Minum berlebihan bisa menempatkan Anda pada risiko kesehatan, kadar sodium Anda bisa terlalu rendah. Kondisi ini dikenal dengan nama hiponatremia.

Hiponatremia juga dapat disebabkan oleh hal-hal yang berkaitan dengan hati, ginjal, jantung, atau kelenjar pituitari, kata dokter integratif Taz Bhatia, M.D.

Selain itu juga, oleh obat-obatan tertentu, seperti obat yang bersifat diuretik, antidepresan dan obat pereda nyeri.


Ketika Urin Berwarna Jernih

Bagaimana Anda tahu bahwa air putih yang Anda minum sudah cukup? Jika Anda melihat warna urin Anda sudah bening jernih.

Itu artinya Anda telah mencapai status hidrasi optimal. Warna urin kuning gelap adalah tanda agar Anda segera minum lebih banyak.


Jika Makan Banyak

Salah satu cara paling sederhana untuk mengurangi nafsu makan adalah dengan minum air putih sebelum makan.

Tapi terlalu banyak minum sebelum dan selama makan berat (misal sepiring penuh nasi dengan lauk pauk lengkap dan beberapa jenis sayur sekaligus), dapat menyebabkan ketidaknyamanan.

"Minum air terlalu banyak saat makan, hanya dapat membuat Anda merasa lebih kembung," kata Bhatia.
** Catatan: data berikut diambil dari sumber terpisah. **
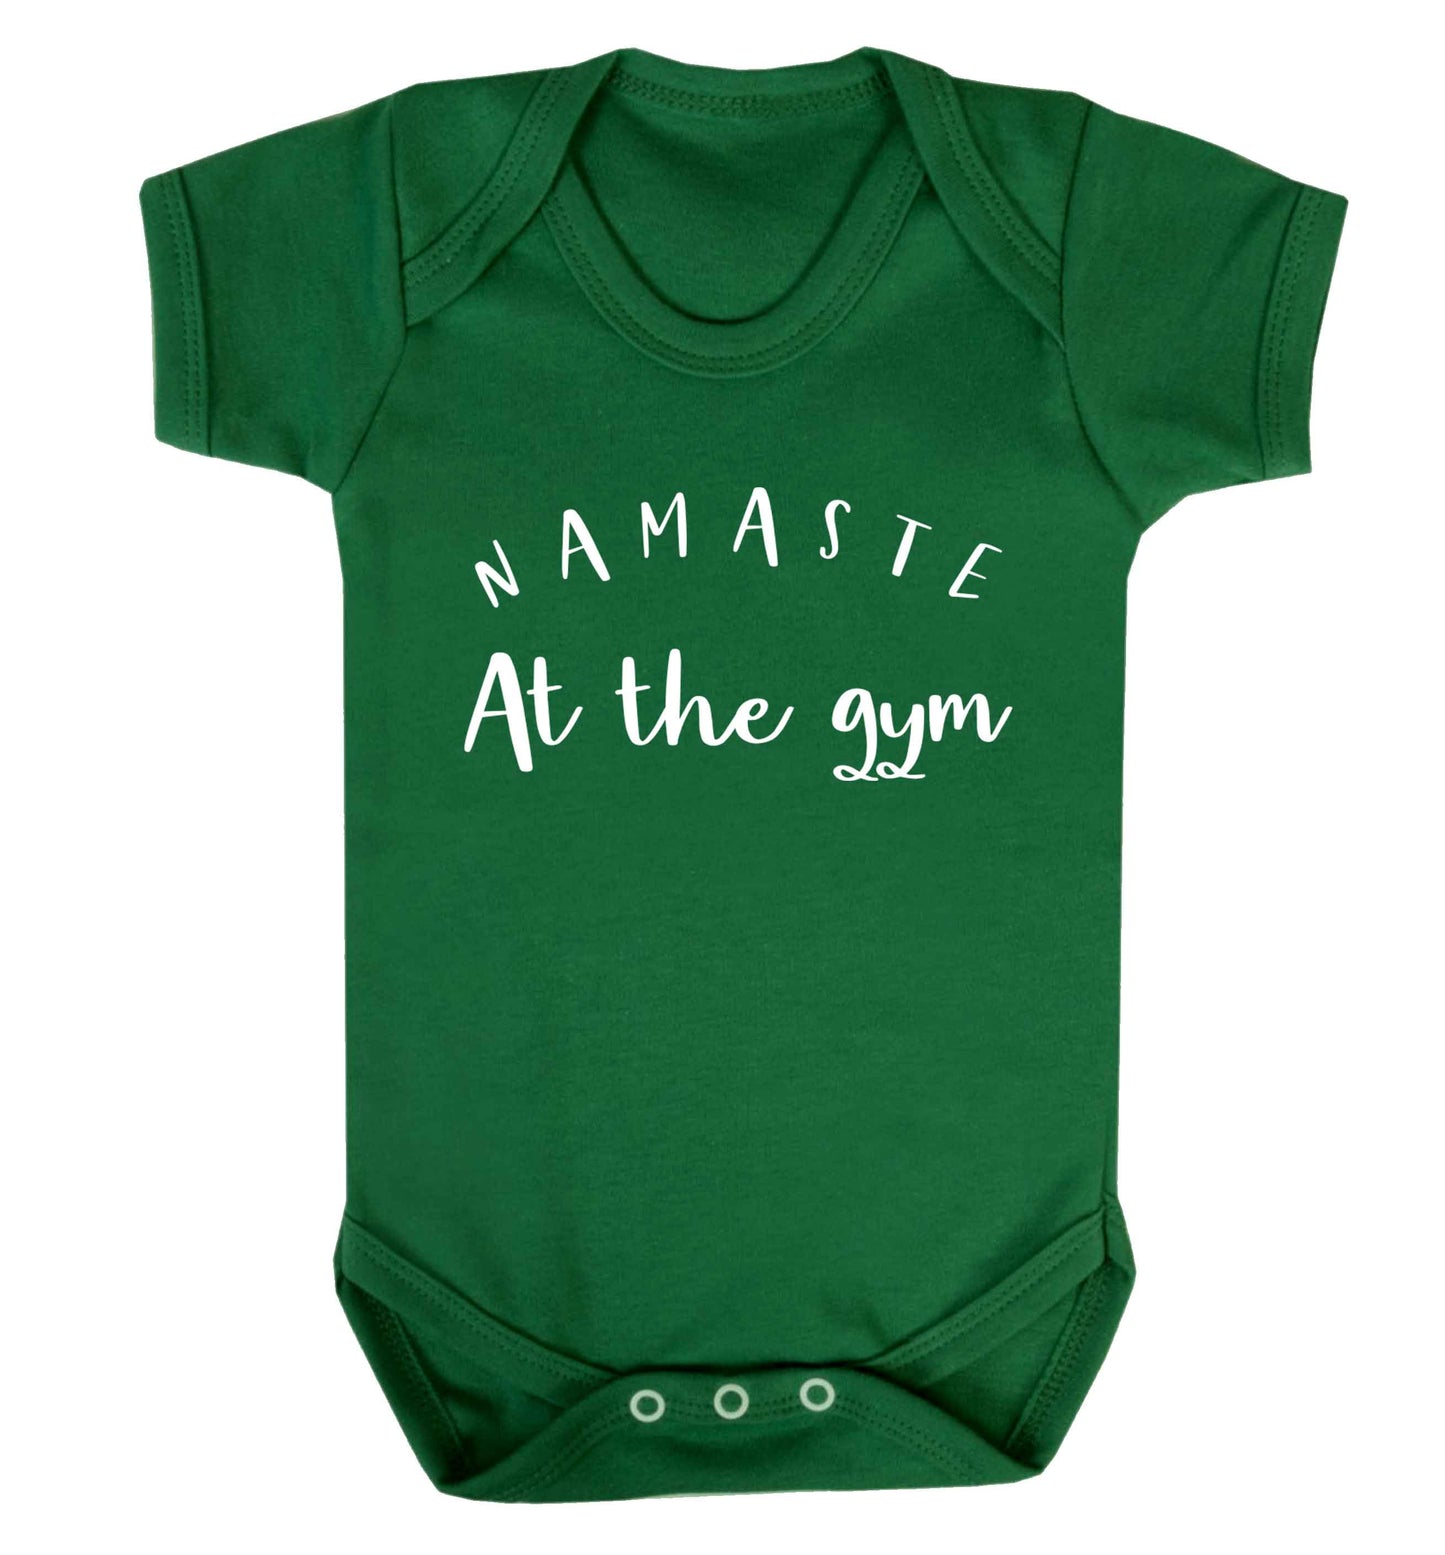 Namaste at the gym Baby Vest green 18-24 months

Ketika Melakukan Latihan Intens untuk Waktu yang Panjang

Kita kehilangan elektrolit, kalium dan natrium melalui keringat. Jika Anda mengeluarkan sangat banyak keringat akibat latihan berat dalam waktu, katakan, satu jam atau lebih, Anda harus mengganti mineral-mineral penting yang hilang. Mineral-mineral ini tidak ditemukan dalam air biasa.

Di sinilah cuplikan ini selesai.